2013年7月17日 星期三

Is Germany the Hot Spot for Battery-Backed Solar?

Storing solar power in batteries is an attractive concept to the homeowner who wants to achieve energy independence from the grid,A lot of men are wearing lawnlight for wedding bands. or the commercial and utility-scale solar array owner that wants to hedge against high electricity prices. But right now, the high cost of batteries and the complications involved in setting them up to power homes and businesses has made the solar battery concept uneconomical in all but the most extreme cases -- or, for the most wealthy of individuals. 

But in some markets, factors including falling solar panel prices, increasing grid power prices and policies and incentives that boost solar installations are starting to shift that equation in favor of energy storage for solar. In particular, Germany -- the world’s biggest distributed solar PV market -- may be primed for a wholesale shift to battery-backed solar on a large scale. 

That’s the view of German solar analysts, experts and entrepreneurs at last week’s Intersolar conference in San Francisco, which dedicated a morning panel session to the convergence of solar power and energy storage. Despite the very real cost and integration challenges involved, “We think battery storage and photovoltaics are a perfect fit, especially if you look at residential and commercial applications,” Intersolar CEO Markus Elsaesser said. 

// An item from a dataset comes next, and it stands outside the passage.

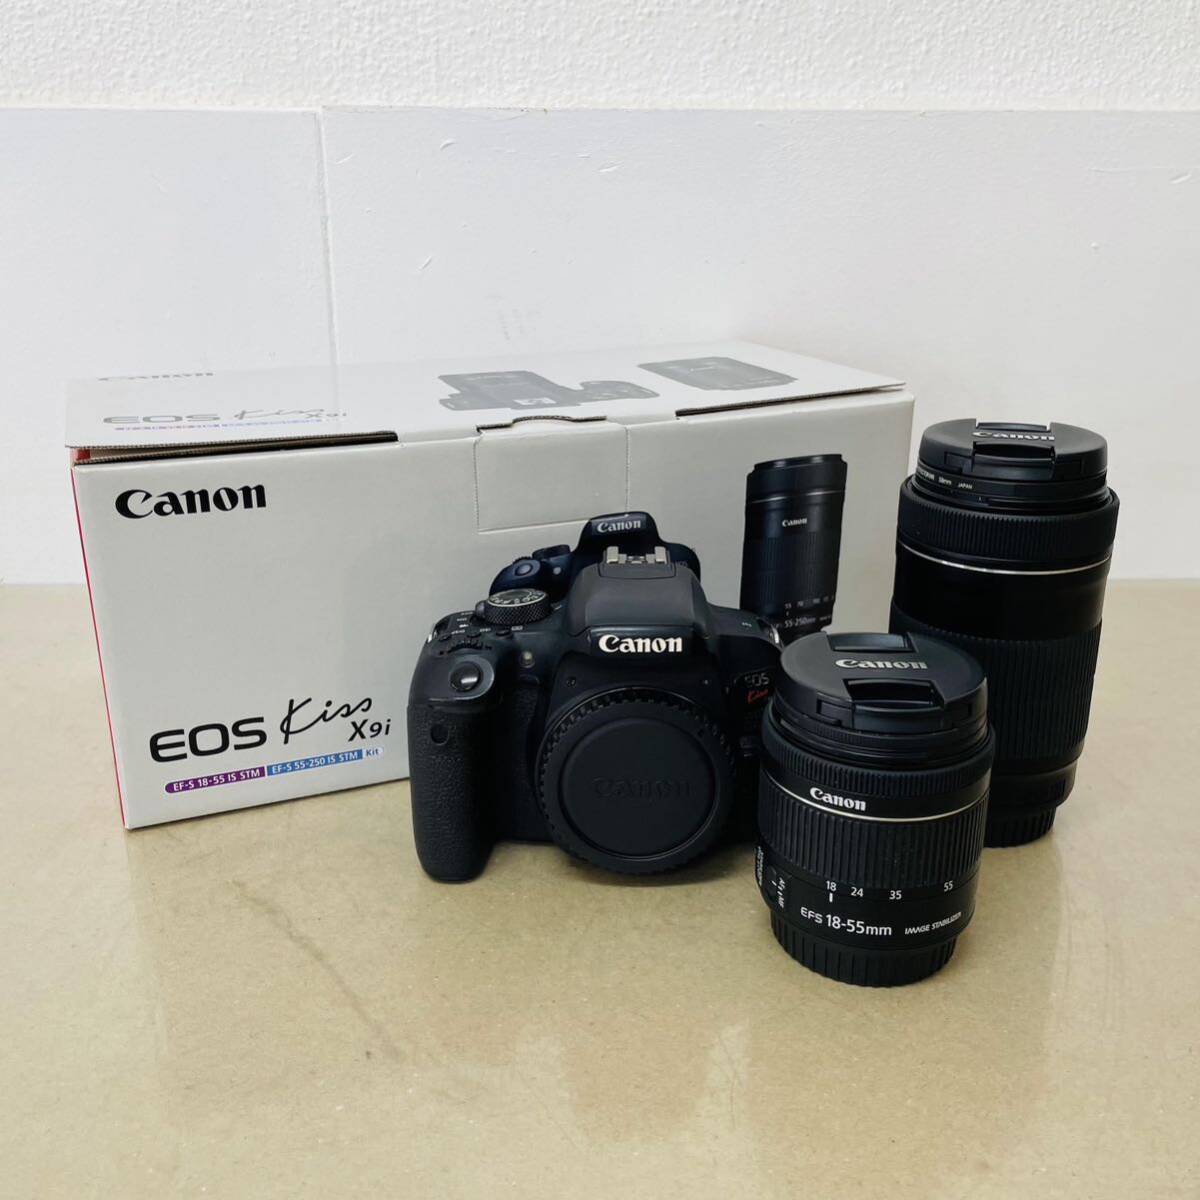 Canon EOS  Kiss X9i  ダブルズームキット  デジタル一眼レフ 箱あり   動作確認済み  i17892  100サイズ発送  の画像1
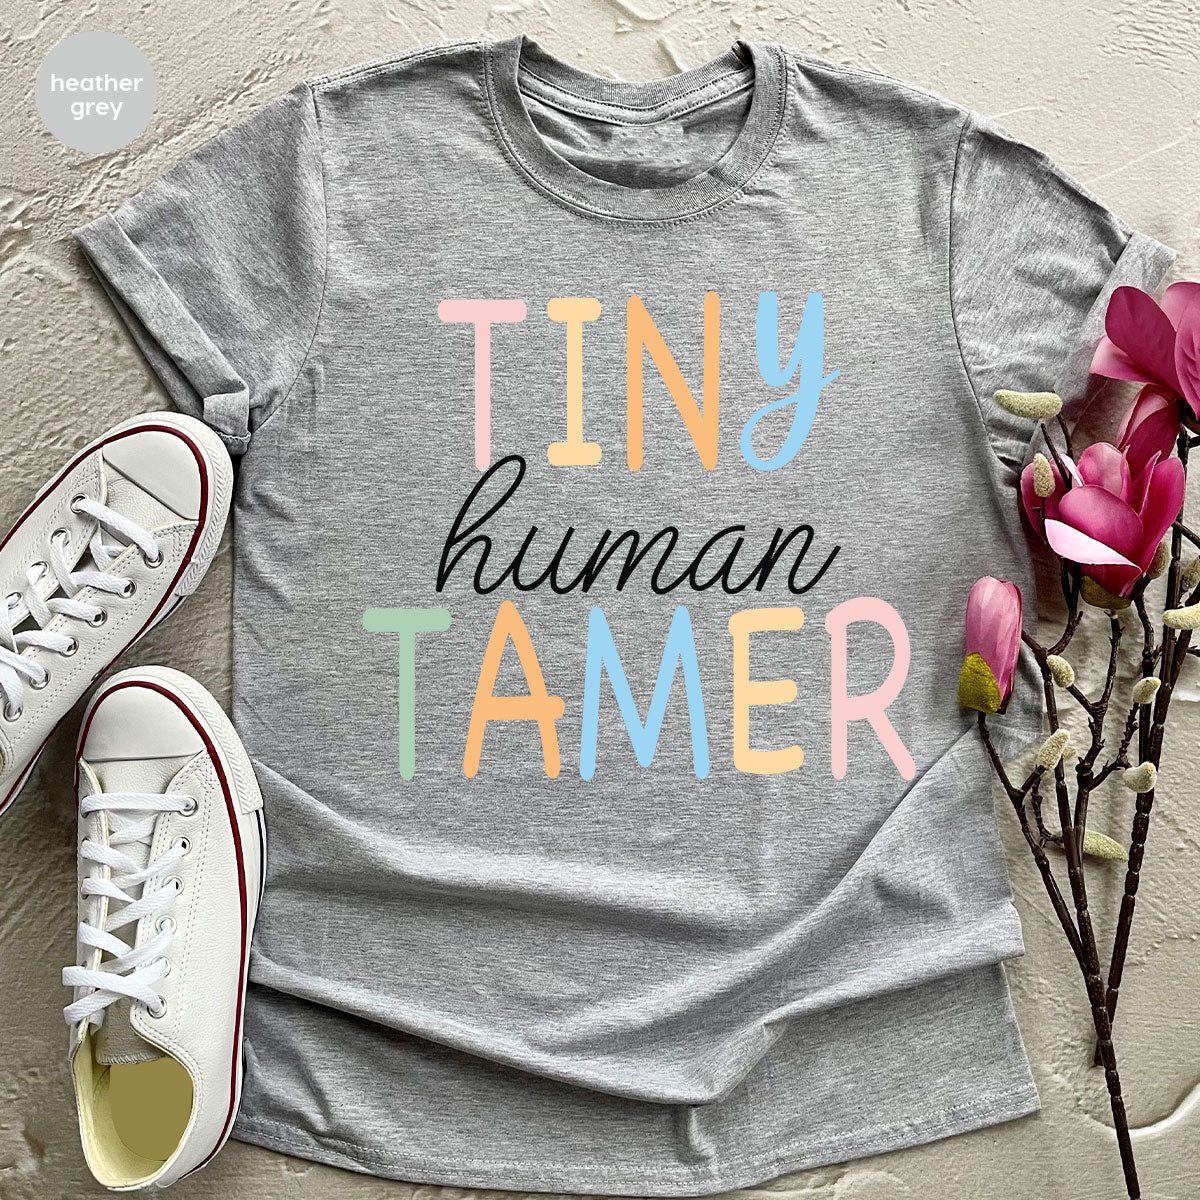 Teacher Shirt, Tiny Human Tamer, Kindergarten Teacher, Preschool Teacher, First Day of School, Back to School T-Shirt, Gift for Teacher

In fact, prior to Germany’s feed-in tariff regime, almost all solar PV in the country was off-grid, according to Dr.This popular lighting system features four washingmachine13. Matthias Vetter of the Fraunhofer Institute. That required pretty much every solar installation to have some storage to provide power when the sun wasn’t shining, and those additional costs served as a bottleneck for the sizing and scope of off-grid deployments, he said. 

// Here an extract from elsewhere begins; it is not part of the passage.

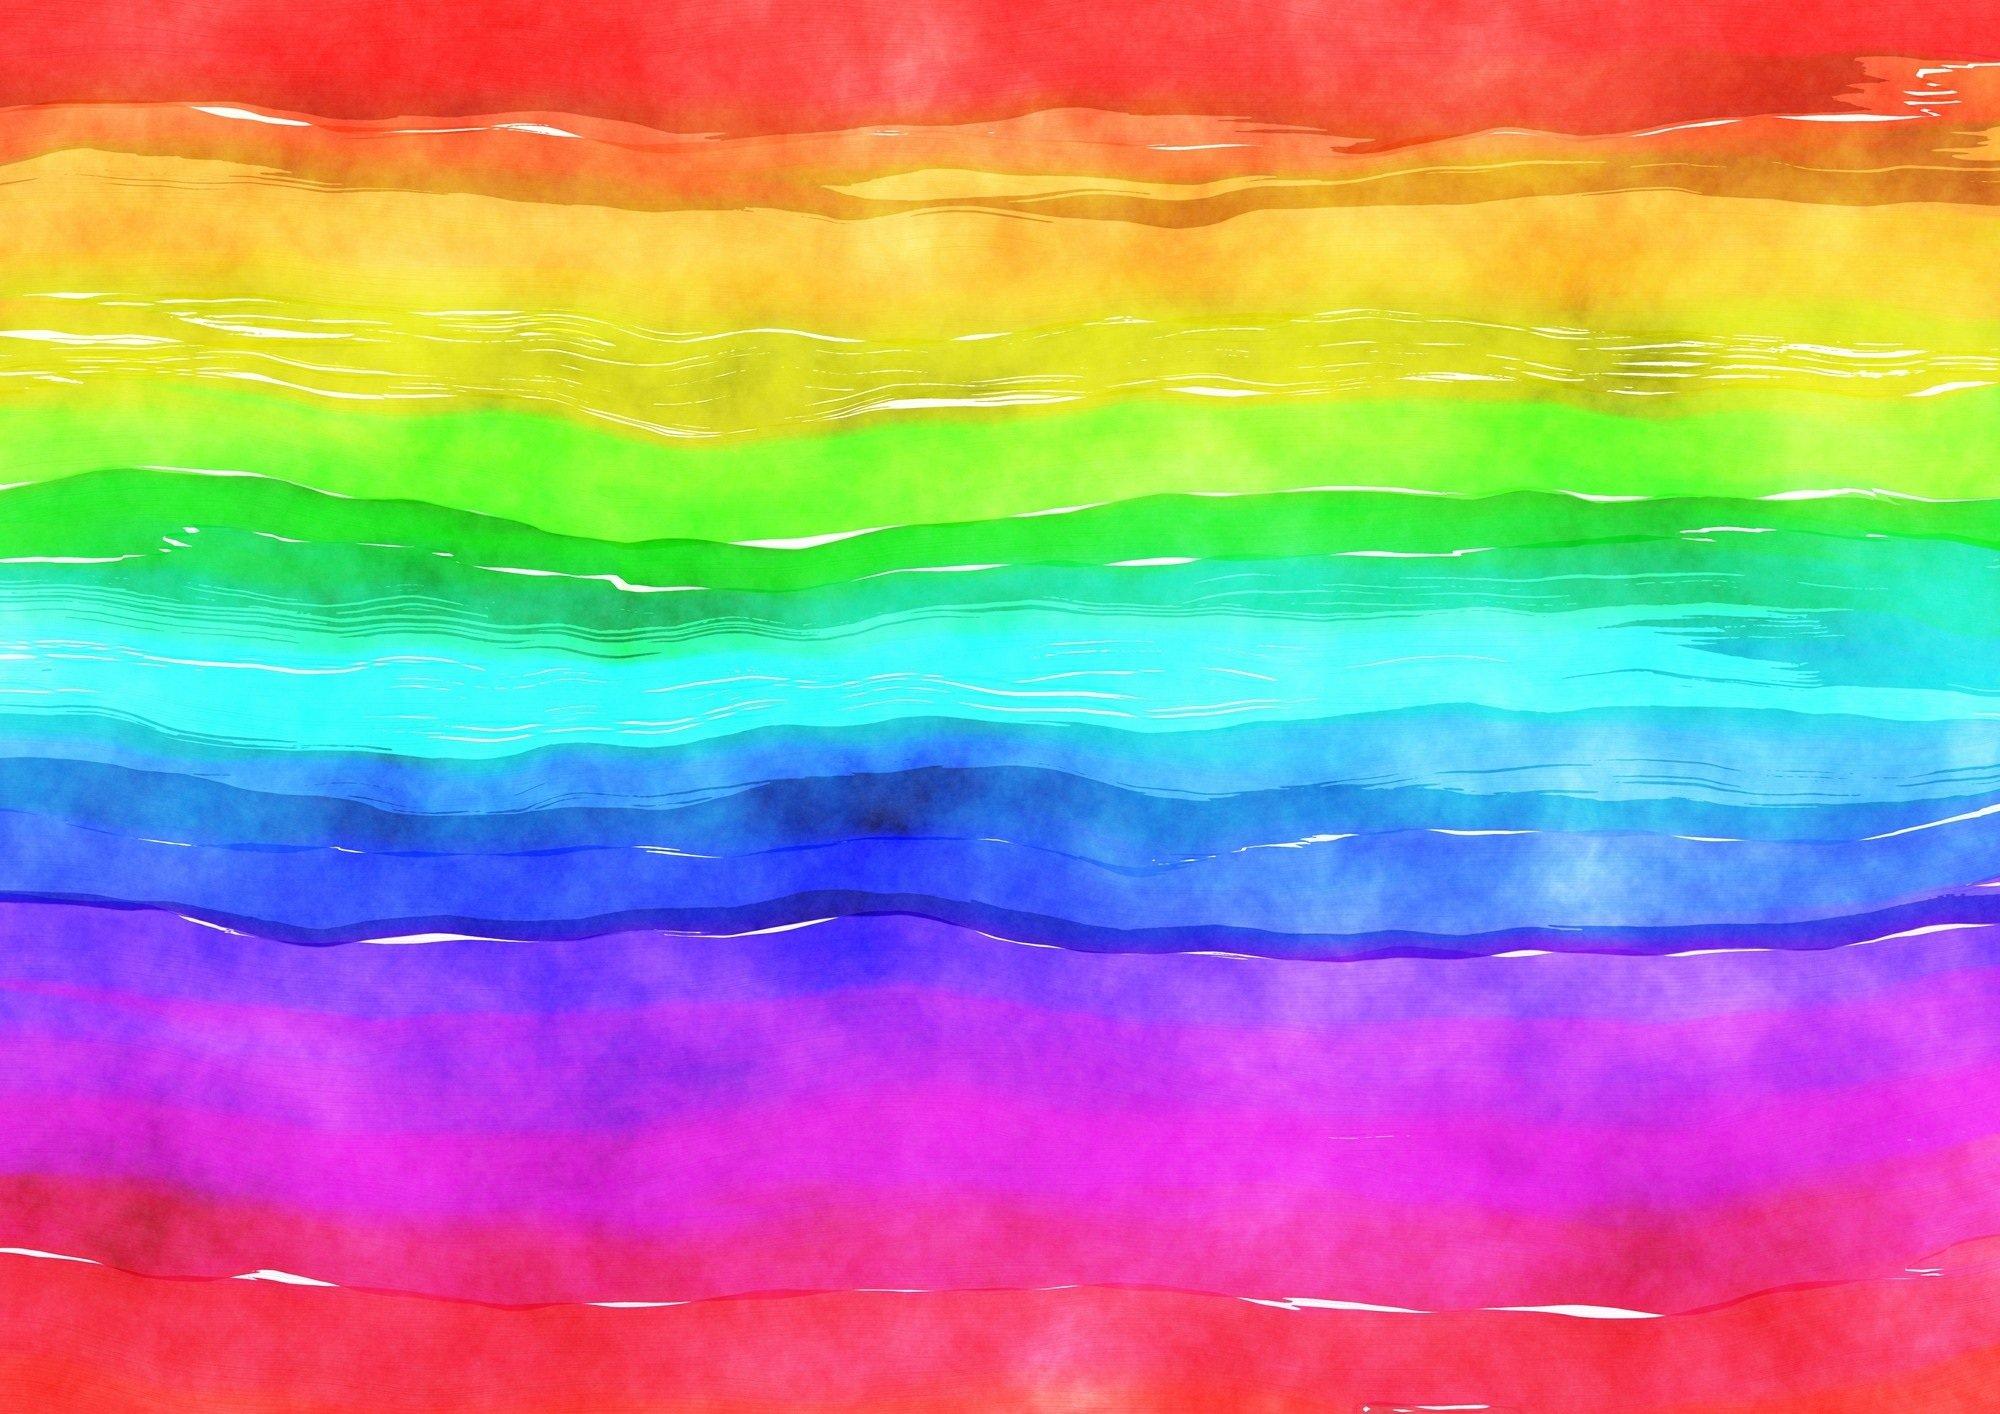 Regenbogen (c) Bild von Prawny auf Pixabay

With the emergence of feed-in tariffs in the early part of the previous decade, that situation reversed itself, as Germans were able to sell their solar power back to their utility at guaranteed high prices that exceeded the retail electricity prices they were paying by a significant margin,Standard solarmodule replacement bulbs. he said. 

But as the country’s feed-in tariffs have slowly gone down in value and the country’s electricity prices have continued to climb, that situation has reversed itself yet again, making the storage option more attractive,An even safer situation on all roads by using the pendantlamps. he said. Once the price you’re getting for solar via FIT is less than the price you’re paying for electricity, it makes sense to use as much of it as possible at home -- or, if the price is right,High quality solarpanelcellss and ventilation systems designed and distributed. to store it up for use later. 

As Hoehner put it, while the solar industry in the era of high feed-in tariffs was “all about making money,” the new era of falling feed-in tariffs and falling solar panel prices has shifted the emphasis -- “It’s all about saving money,” he said. 

Greentech Media has been covering the growth of solar-storage combinations being marketed in Europe by such vendors as SolarWorld, Samsung, BYD, aleo solar, centrosolar, Bosch/voltwerk and Kyocera, to name a few. As we’ve noted, these vendors are hard-pressed to differentiate their products from the ultra-low-price competition from China, and storage can be one way to do that. 

The privately funded German startup, founded in 2008, has built a software platform to integrate solar panels, lithium-ion batteries and home energy management systems into a working whole, successfully tested it in 2010, and has so far installed about 1,300 such systems in German homes, he said. 

These systems range in price from about 10,000 euros ($13,000) for a 4.5-kilowatt-hour storage system to about 16,000 euros ($21,000) for a 10-kilowatt-hour system, he said. That sounds pretty expensive, but with an average reduction of about 75 percent in owners’ utility bills, it’s actually cost-effective, he said -- particularly when it’s replacing grid power that can cost about 30 euro-cents (40 cents) per kilowatt-hour, he noted. Welcome to www.streetlights-solar.com Web. If you love it, please buy it!